Socialismo cubano (singularidad política y económica) o barbarie global (conocida explotación revestida con el aura mágica del consumo) parece ser una de las disyuntivas teóricas y prácticas para este arranque del siglo XXI. En realidad, poco o nada podemos decir sobre la transformación (aparente o real) que están llevando a cabo los dirigentes cubanos.
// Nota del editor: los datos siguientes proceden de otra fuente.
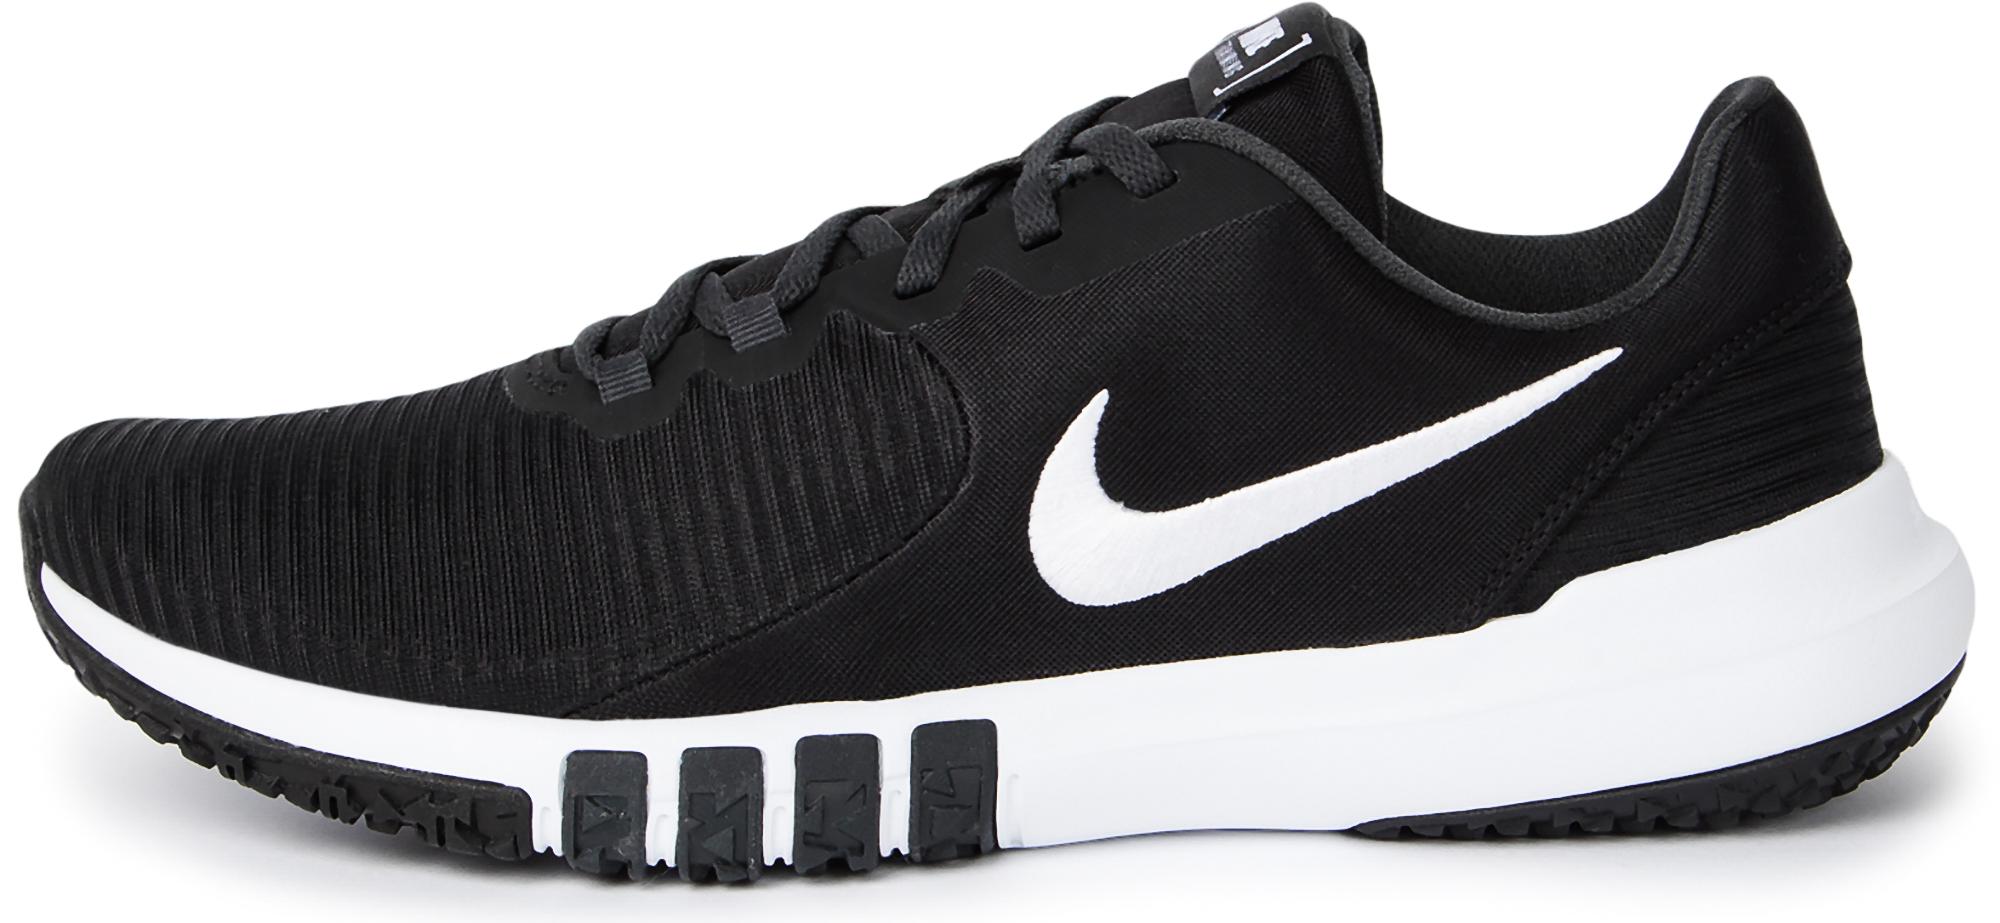 Nike Кроссовки мужские Nike Flex Control 4, размер 41 цена 2017

Poco o nada -por el momento- se puede decir (alabar las reformas que favorezcan la vida cotidiana de la población; criticar, en algún caso, la excesiva aceleración -de cara a Occidente- de determinados procesos de afirmación de la individualidad), porque compartir el destino vital e intelectual de un proceso político y cultural, moral y simbólico, significa respetar sus pasos, ver hacia dónde camina esta nueva etapa, sin FC al mando, de la Revolución. La democracia -repiten sin tregua los líderes del mercado- consiste en respetar la autonomía de la voluntad del otro, su espacio de libertad e integración. Hagamos, pues, lo mismo y observemos los acontecimientos cubanos con la atención que cualquier proceso político complejo requiere. La ingerencia, práctica habitual de los EE.UU. desde su fundación, no debe ser, una vez más, norma de uso. Si la Revolución se desvía de su línea de conquistas sociales y desarrollo humano, si el proceso deja de ser un referente para los oprimidos del mundo, no hará falta leer artículos de FC, del Financial Times o las burdas copias de El País; los propios cubanos, revolucionarios o no, lo dirán.